Saturday, April 25, 2009

Event Besar di Al Irsyad Satya

Sabtu ini, i-Fest 2009, digelar di halaman dalam Al Irsyad Satya. Dimulai dari acara pembukaan (standar...), dilanjut dengan sesi menanam pohon yang juga berkait dengan tema hari bumi tanggal 22 April lalu. Beberapa pohon ditanam di 'pekarangan' sekolah Al Irsyad Satya. Semoga kelak akan jadi penyumbang oksigen untuk dunia (jie... idealnya...)
Acara dilanjut lagi dengan pementasan kecil anak-anak dari ekskul musik, juga pencak silat. Di lantai bawah, anak-anak TK dan SD menjalani berbagai mata lomba. Di panggung utama, bergantian anak-anak SD dan SMP beradu jago berbahasa Inggris di event Story Telling contest. Sementara aku dan teman-teman beradu sigap mengurusi keperluan parenting workshop yang bekerjasama dengan yayasan Kita dan Buah Hati dari Jakarta.
Maaf... kendala teknis membuat beberapa video yang sudah disiapkan dari Jakarta tak bisa diputar untuk peserta parenting workshop yang terdiri dari guru maupun orangtua murid. Beberapa datang dari jauh, dan akhirnya 'maksa-maksa' untuk bisa ikut serta dalam kegiatan dan akhirnya dapat sertifikat juga, padahal kita sudah cukup tegas membatasi jumlah peserta hanya mencapai 100 orang saja. Kemarin siang sudah 101 orang lho. Tapi akhirnya mereka-mereka itu diperbolehkan masuk ruangan juga. Ini dikarenakan beberapa orangtua murid yang sudah terdaftar, ternyata memilih menemani anak-anaknya di arena lomba atau di panggung pertunjukkan. 100 kursi yang disediakan, ternyata masih kosong-kosong juga tuh.
Usai kegiatan, wah... sampah bertebaran dan bertaburan di mana-mana. Kerangka hari bumi hanya tinggal kata-kata semata. Orang-orang masih belum sadar juga, bahwa mencintai bumi tuh bisa dimulai dengan membuang sampah pada tempatnya. Jika tempat sampah belum tersedia atau jumlahnya terbatas, ya ayolah menumpuknya dulu di tempat tertentu, jangan seenak sendiri meninggalkan sampah sembarangan. Waduh... kalo ngomel tentang ini mah, bisa panjang banget deh. Tapi capek juga ah ngebahasnya. Hhhh... Mendingan berfoto bersama aja yukks! Tuh, sebagian panitia berpose dengan muka lelah. Hehe...

Monday, December 22, 2008

Keep Our Bandung Beautiful Euy...!

Jargon ini dipakai radio Rase FM 102,3 Bandung, radio yang sesekali kudengarkan pada saat aku berangkat ke sekolah di pagi hari.
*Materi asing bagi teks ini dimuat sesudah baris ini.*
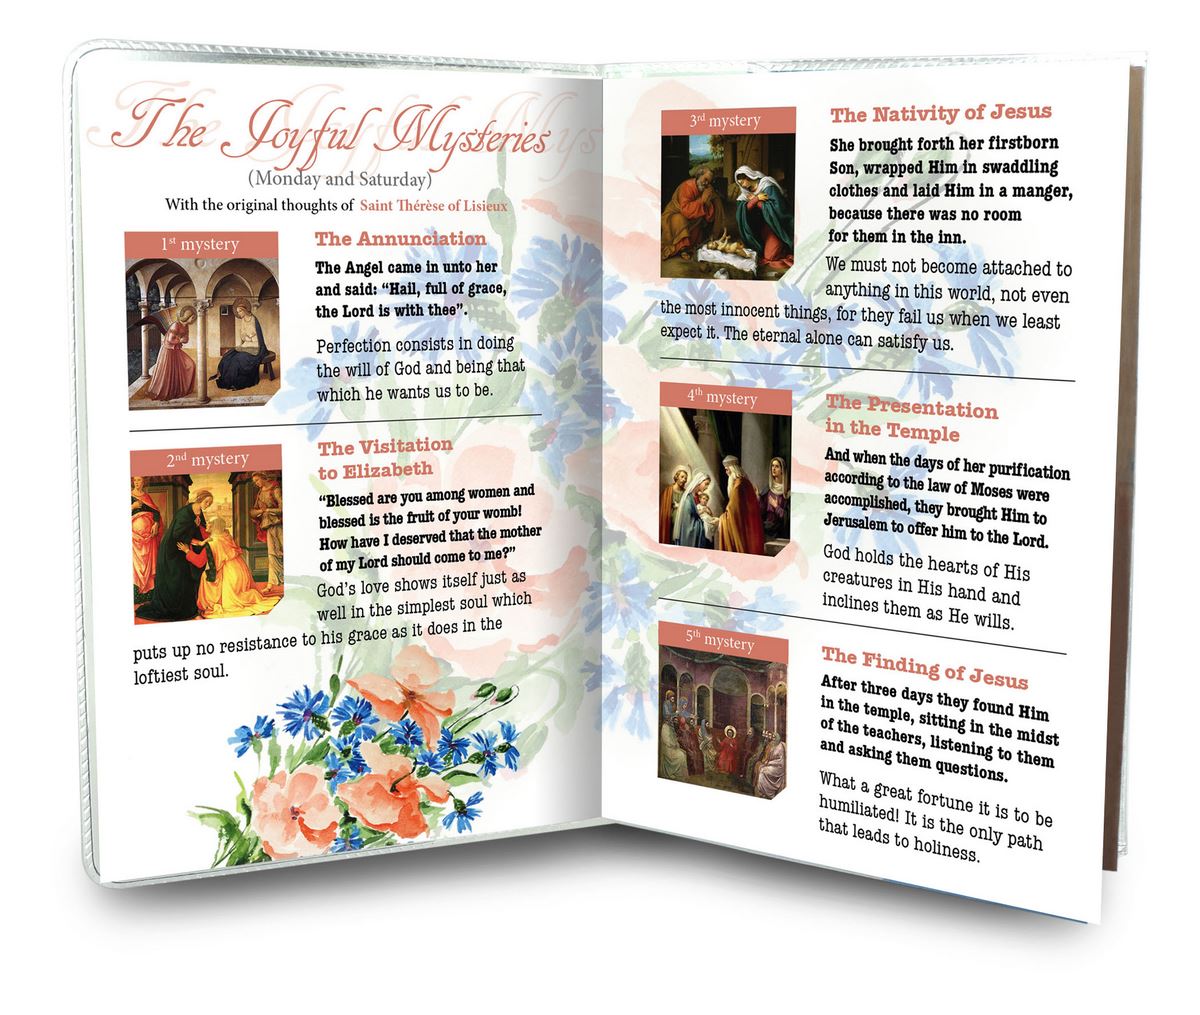 libretto con rosario santa teresa di lisieux - inglese
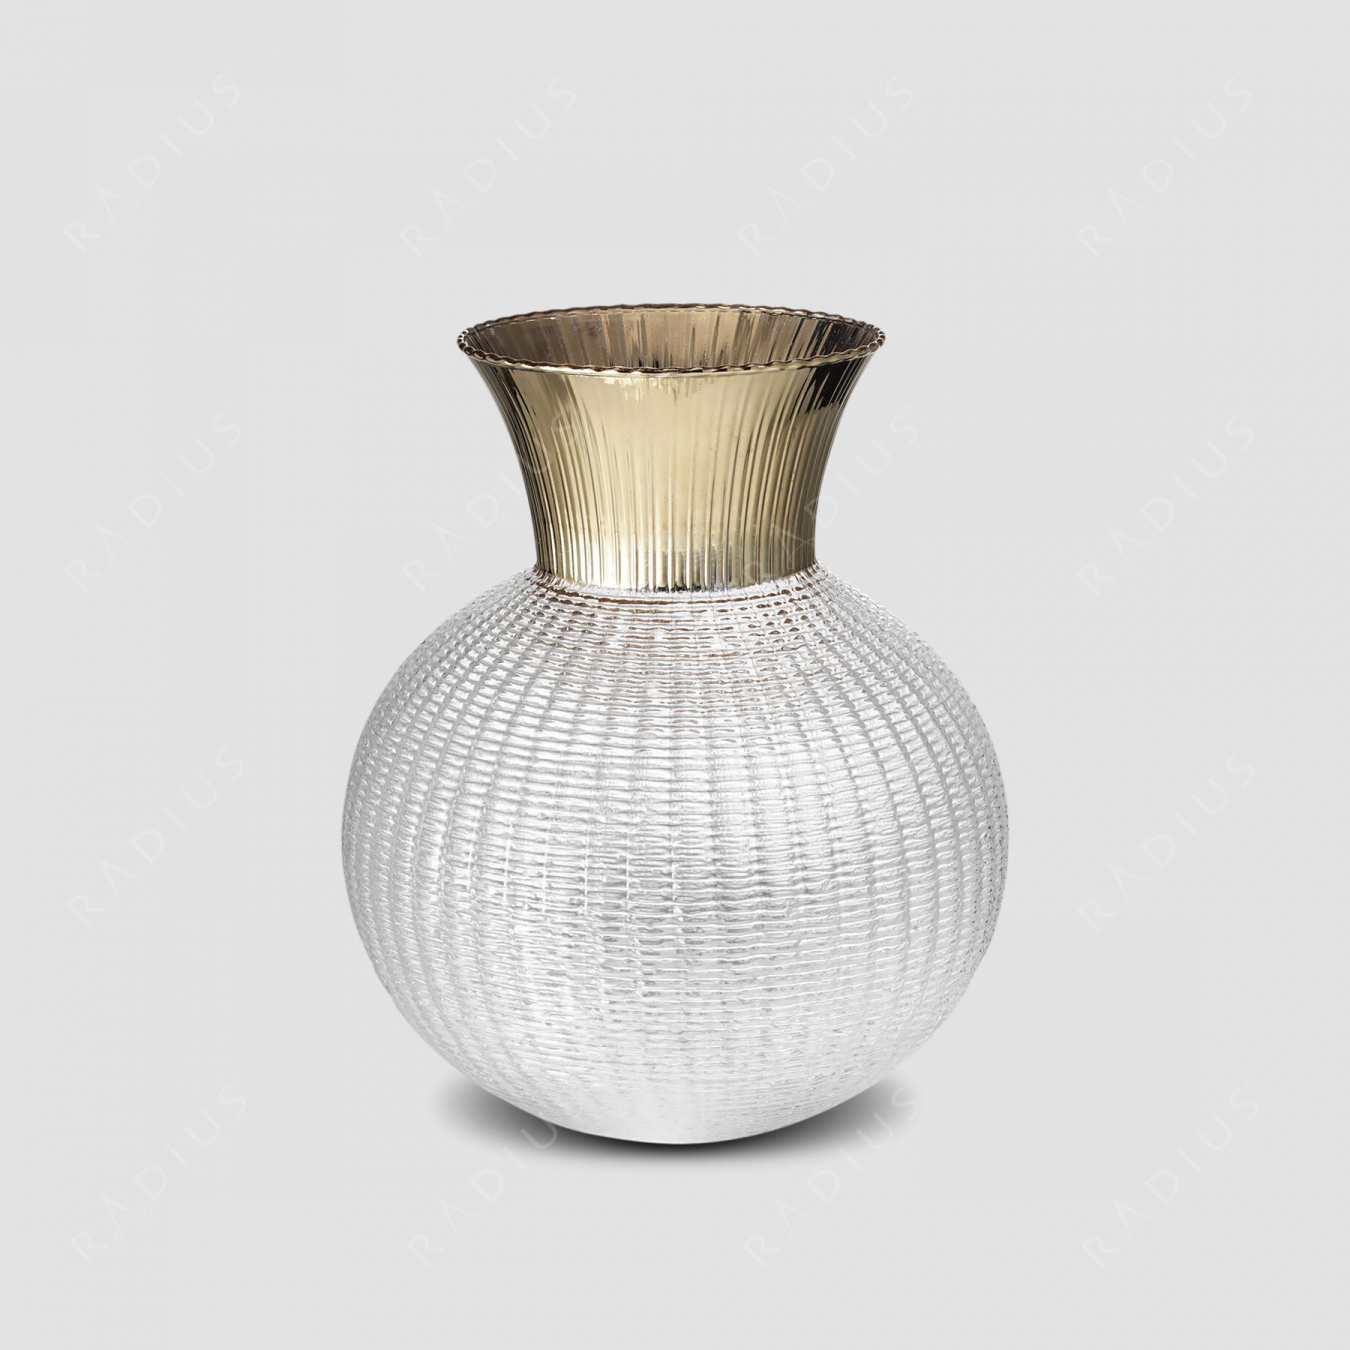 Стеклянная ваза для цветов, диаметр: 20,5 см, высота: 25 см, материал: стекло, цвет прозрачный/шампань, серия Ophelia, IVV (Italy), Италия

Perjalanan sekitar satu jam yang kutempuh setiap hari seolah menjadi perjalanan ke masa lampau. Lagu-lagu yang diputar di pagi hari itu biasanya merupakan lagu-lagu yang familiar di telingaku semasa akumasih kuliah atau jaman mahasiswa dulu, belasan tahun lalu. Lama ya...?
Sejak SMA, aku sudah suka ndengerin radio Rase, karena isu-isunya 'hijau', ramah lingkungan. Makanya, jargon "Keep our Bandung beautiful, euy" ini sudah sangat akrab di telingaku. Begitu juga lagu2 yang diputar dari radio itu.
Nah... sore itu, aku bersama mbak Shita dan Erlin melintas jalur Pasteur. Di persimpangan selepas gerbang tol itu, mobilku tepat di belakang sebuah mobil carry yang terlihat penuh penumpang. Kami sedang asyik mengobrol ketika terlihat sebuah benda putih terlempar keluar dari jendela mobil depan. EH??? Aku membunyikan klakson. Sudah tekadku untuk membunyikan klakson setiap kali melihat ada yang membuang sampah sembarangan keluar dari mobil ke jalan. Kami melanjutkan perbincangan. Tak berapa lama kemudian, benda lainnya terlempar keluar lagi dari mobil di depan. Aku bunyikan klakson lagi, lalu kukeluarkan kamera dan memotret momen itu, mobil beserta beberapa sampah kecil di sebelahnya. Kecil sih... terasa tidak seberapa. Tapi bayangkan kalau 100 orang saja yang lewat perempatan Pasteur melakukan hal yang serupa, akan sebanyak apa sampah yang tercecer di jalan?
Merasakan kilatan lampu blitz, penumpang mobil itu menoleh ke arah kami. Mereka pikir, ngapain juga kali ya, motret-motret orang tak dikenal. Kuberi kode supaya mereka tidak membuang sampah sembarangan. Rupanya mereka makan jambu air. Biji dan sedikit sisanya, mereka buang dengan semena-mena ke luar jendela. Ngotorin Bandung aja. Padahal itu mobil bernomor polisi daerah Bandung juga lho. Nggak sayang banget sih sama kotanya sendiri. Hayu atuh... Keep our Bandung beautiful, euy...!
Blogged with the Flock Browser

Salah Satunya... Kok Jadi Banyak.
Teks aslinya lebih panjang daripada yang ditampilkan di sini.